’Tis the season

Re: “Thailand’s heat index reaches danger levels”, (BP, March 18).

So what?

It is that time of year. Moreover, the past few days have been relatively cool.

The general public doesn’t need nannying about how to live in such conditions which are only likely to get worse in the future.

What alarmist reporting!

Ellis O’Brien

Read the charter

Re: “SpaceX or Nasa”, (PostBag, March 20).

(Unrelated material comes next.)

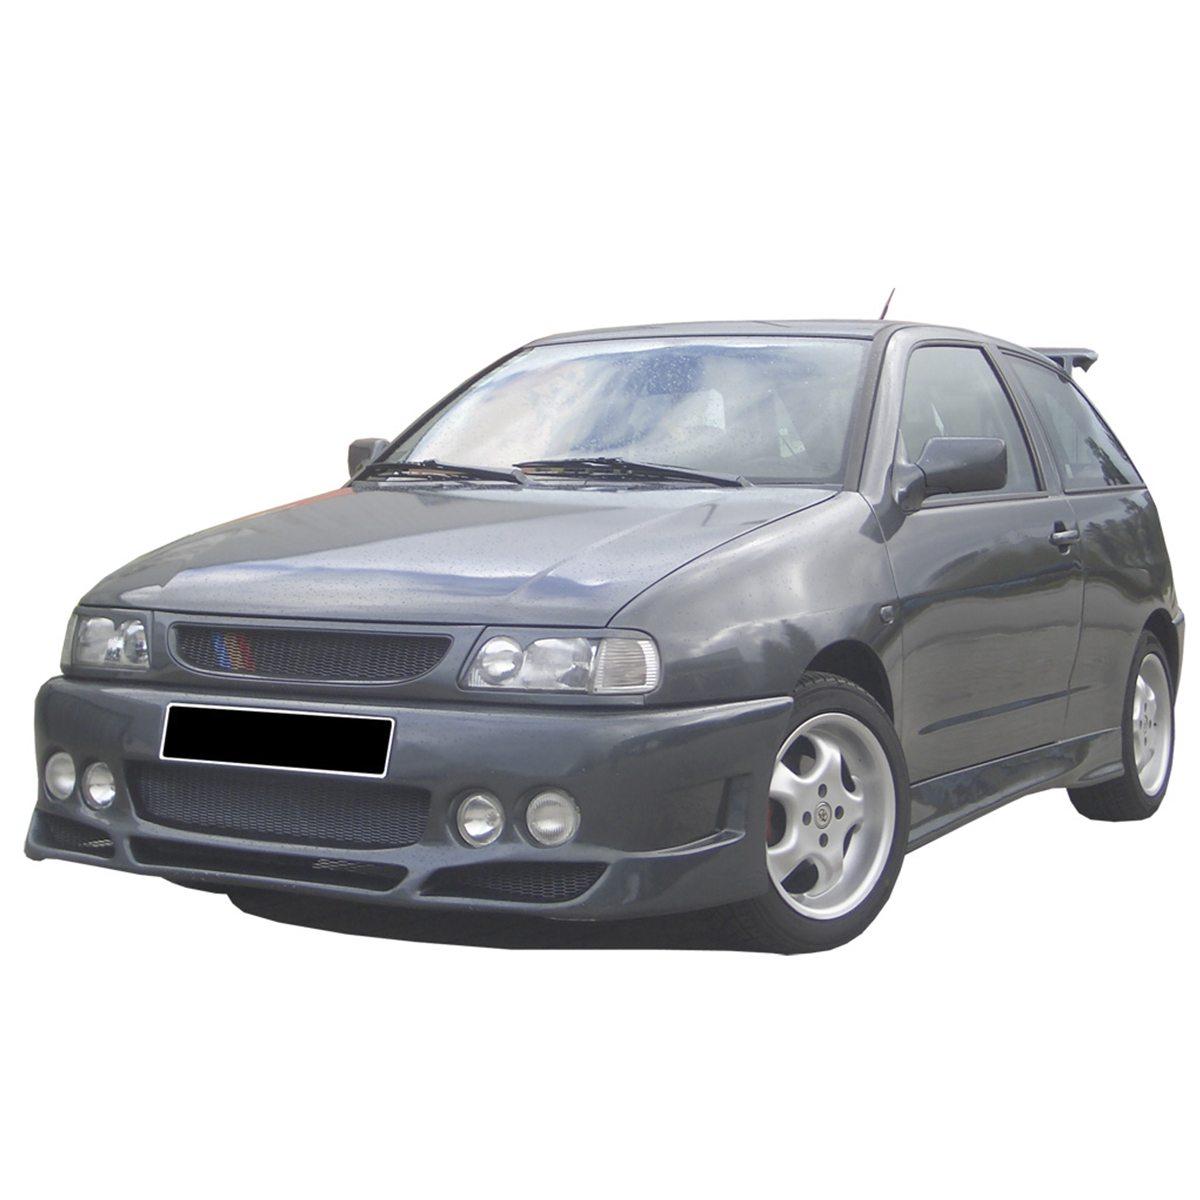 Seat-Ibiza-93-Open-Frt-PCU0980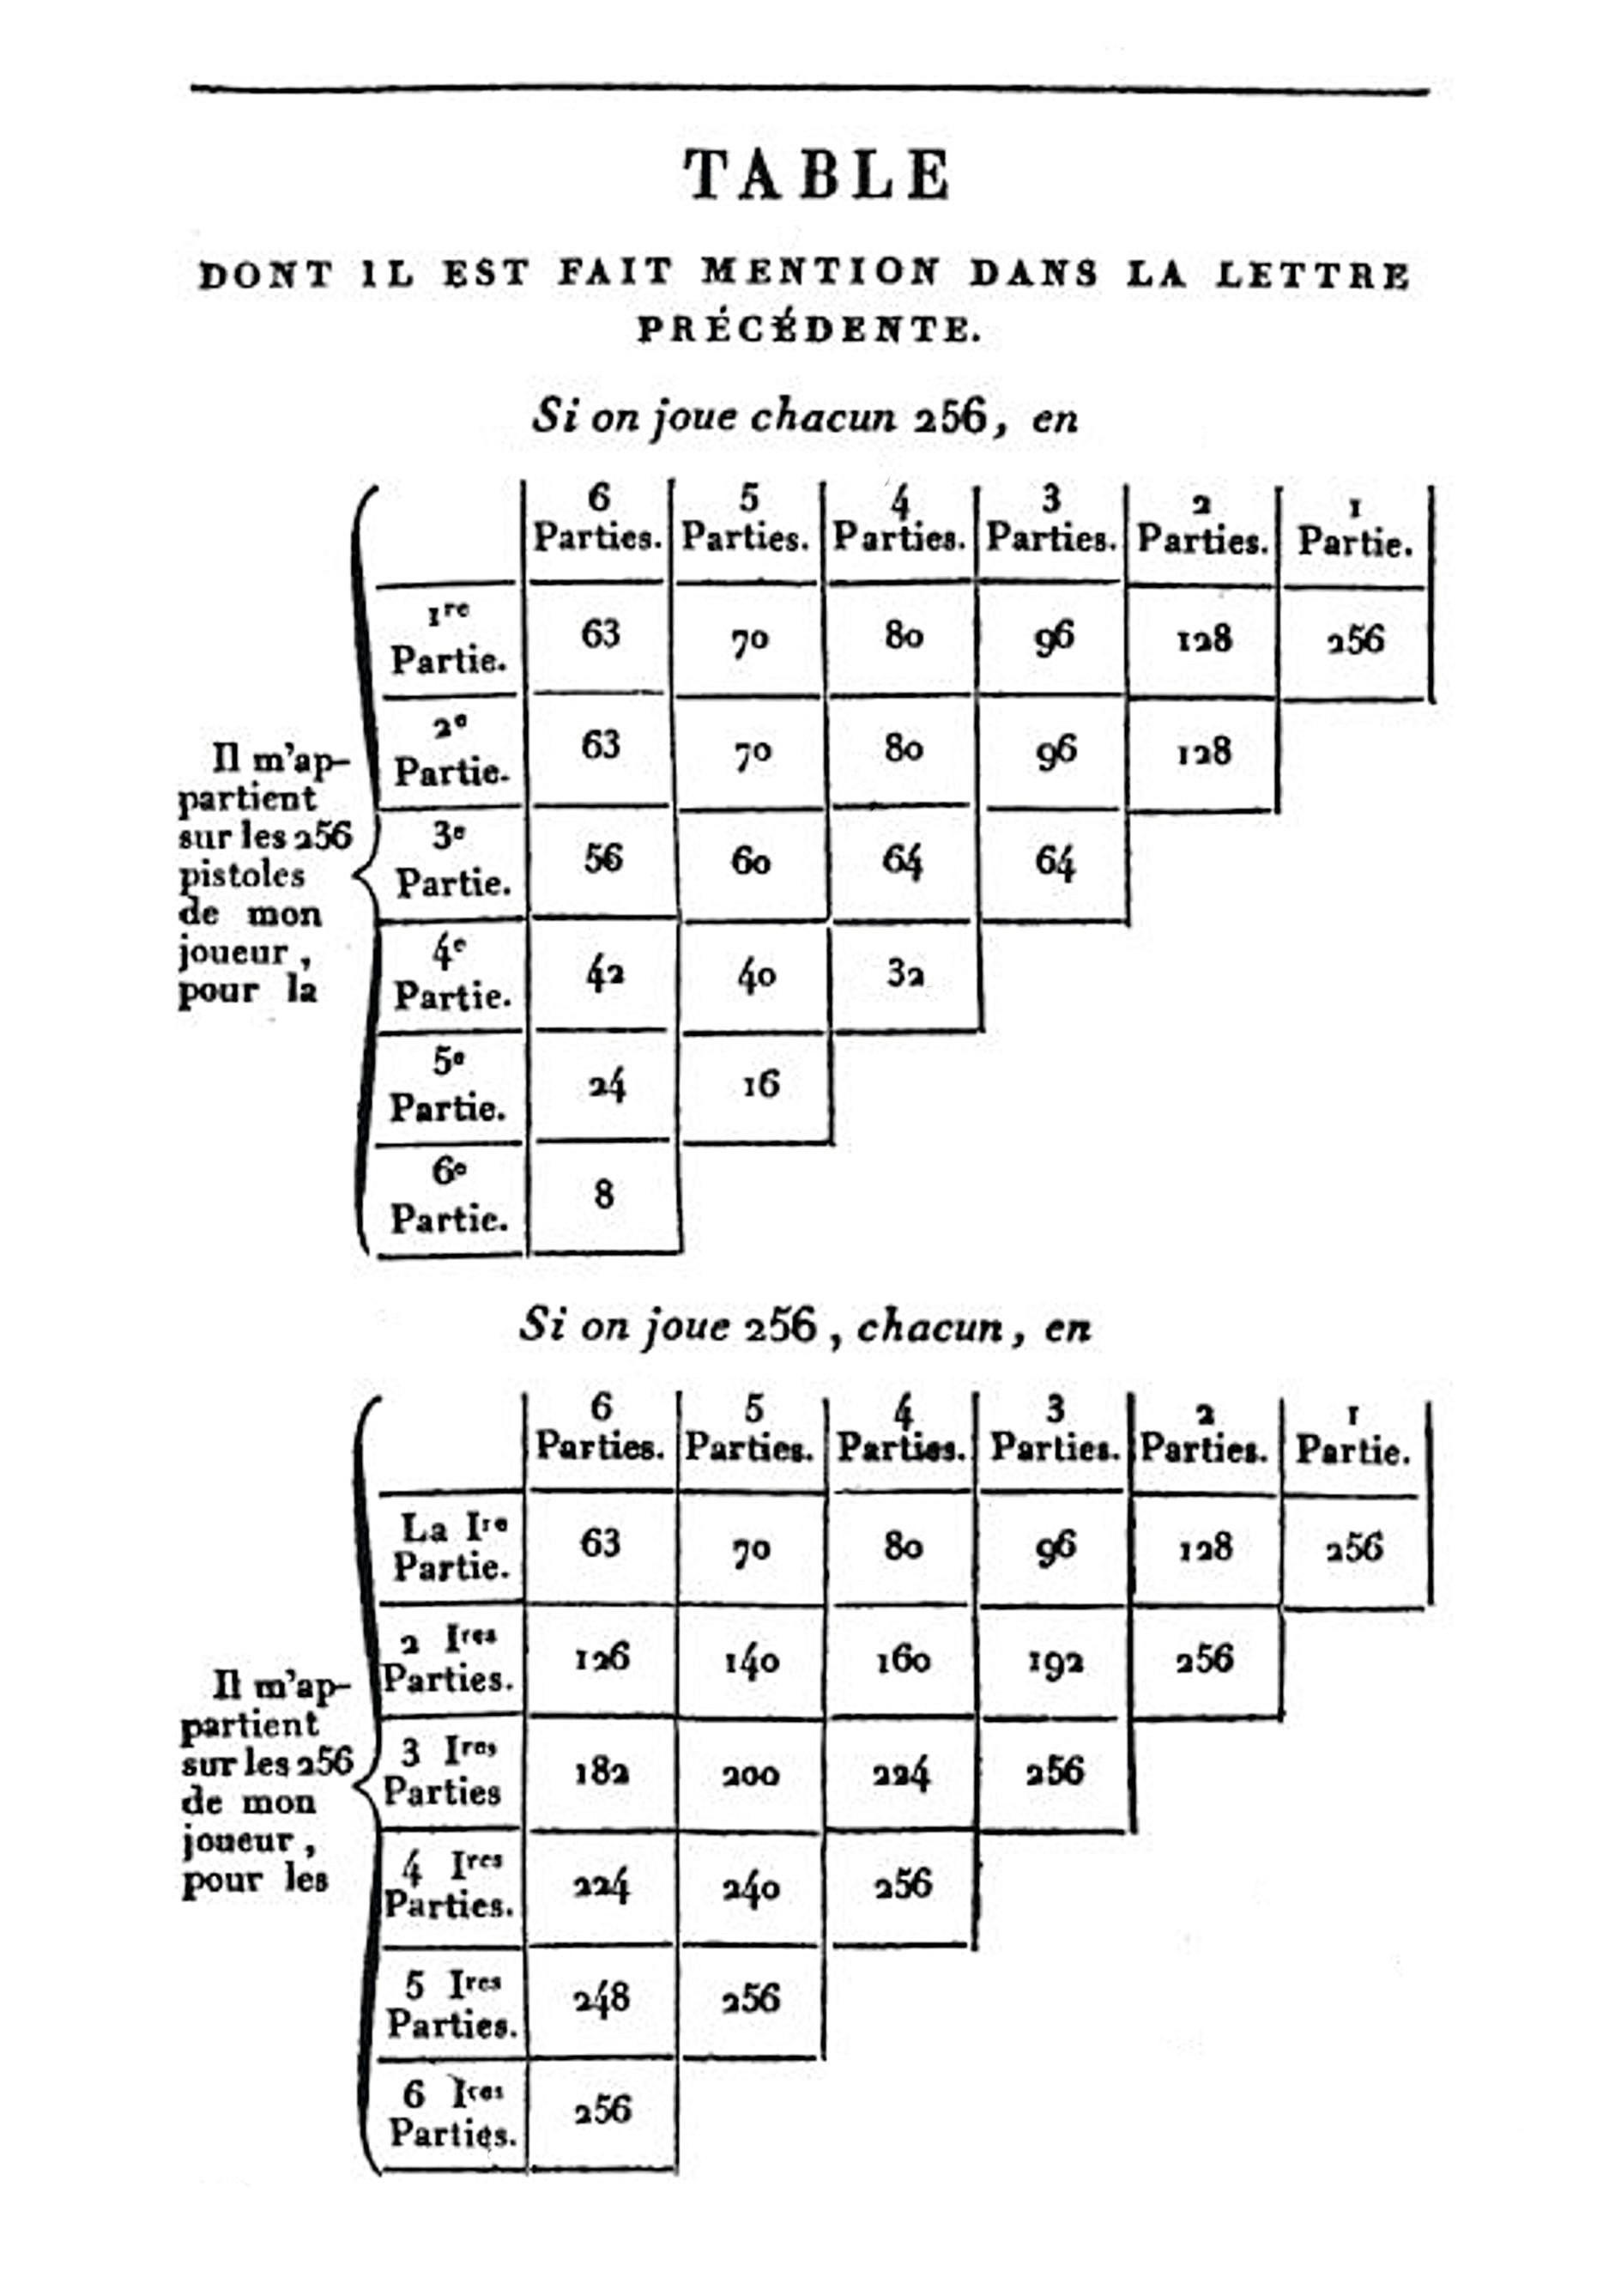 Extrait des échanges entre Pascal et Fermat, 1654

Dennis Fitzgerald asks, “what would happen if other places had multiple names and needed to be reached swiftly?”

Oh! That reminds me of the time I was on the way to Nakorn Ratchasima and forgot to stop in Korat.

He also wrote, “it’s great to see the Nasa brand” on TV.

Oh snap!

Nasa is an acronym, (not a brand), that stands for the National Aeronautics and Space Administration, a US government agency.

It is time for the US government to hand over much of Nasa’s mandate to the private sector, Dennis.

According to the Republic’s constitution, the US federal government is not meant to be in competition with private business as you suggest.

Michael Setter

Make tourism great again

Re: “Visa-free status in Thailand to be cut to 30 days”, (Business, March 17) and “Tourism mess”, (PostBag, March 16).

The mandarins in charge of tourism don’t run the industry too well.

Meanwhile, many Westerners feel that local labourers in the tourism business can’t speak much English.

Even Thai guides and operators in your groups are struggling to speak proper English.

Amid all these problems, the government has now mandated that the period of visa-free entry for people from eligible countries be reduced to only a month.

Incredible. One would think that Thai tourism officers would want as many foreigners, with their spending dollars, as possible here!

Hopefully, some kind of a compromise position can be reached where at least people from some of the original countries listed under the visa-free scheme can stay here for longer than a month, given that the list of visa-exempt countries has now expanded to over 50.

This has prompted concerns from various tourism operators that some foreigners are now running illegal businesses here.

Paul

Change is upon us

Re: “Visa folly”, (PostBag, March 22).

I agree with everything that Sara Palin said in her poignant letter, save only one thing: “Time is short [to save the economy]”.

My position is: it is far too late to save the Thai economy as we knew it. Rather than make suggestions which leaders won’t use anyway, I am going to make some predictions for Thailand.

This is with the sole caveat that these predictions don’t include the impact of a possible massive regional war in the Mideast or a nuclear catastrophe there, both of which are possible:

Bankrupt and angry about America’s huge trade deficit with Thailand, I predict that bankrupt Americans will use tariffs to force manufacturers in Thailand who export to America to return the factories we gave away back to America within 18 months — shuttering huge numbers of Thai manufacturing jobs.

Additionally, since US sanctions have now been announced against Thai policymakers and officials responsible for the repatriation leaders of Uyghurs to China, I suspect that a formal downgrade from the United States in American-Thai relations is also likely, along with significant tariffs.

I conclude by saying President Trump is about to “make Thailand an offer it cannot refuse”.

Events show that the days of running on a “tourism/export” economy — neither of which from Thailand are really necessary now that other Southeast Asian countries are developing — ended when President Trump took office.

The only real question in my eyes is who will have the strength to explain to Thais that, either we finally change, or we wind up standing before the world among the most failed state economies.

Jason A Jellison

One cloudy future

Re: “Reform needs more than just a chainsaw”, (Opinion, March 10).

The US Environmental Protection Agency is going to eradicate its own scientific research arm, with over 1,000 scientists going from working on protecting us and our environment to standing in an unemployment queue.

Removing scientists that are working on climate change won’t change the facts, nor will it remove it from the news. As a science teacher, I always promoted the value of science and research even if it wasn’t immediately obvious.

Science should be held high but now the voices of “fake” sciences are louder and worryingly they are being listened to. The appointment of R F Kennedy Jr to the management of the country’s health system does not improve the situation either. It looks like a cloudy future, obscuring the truth and letting the darkness destroy our hopes.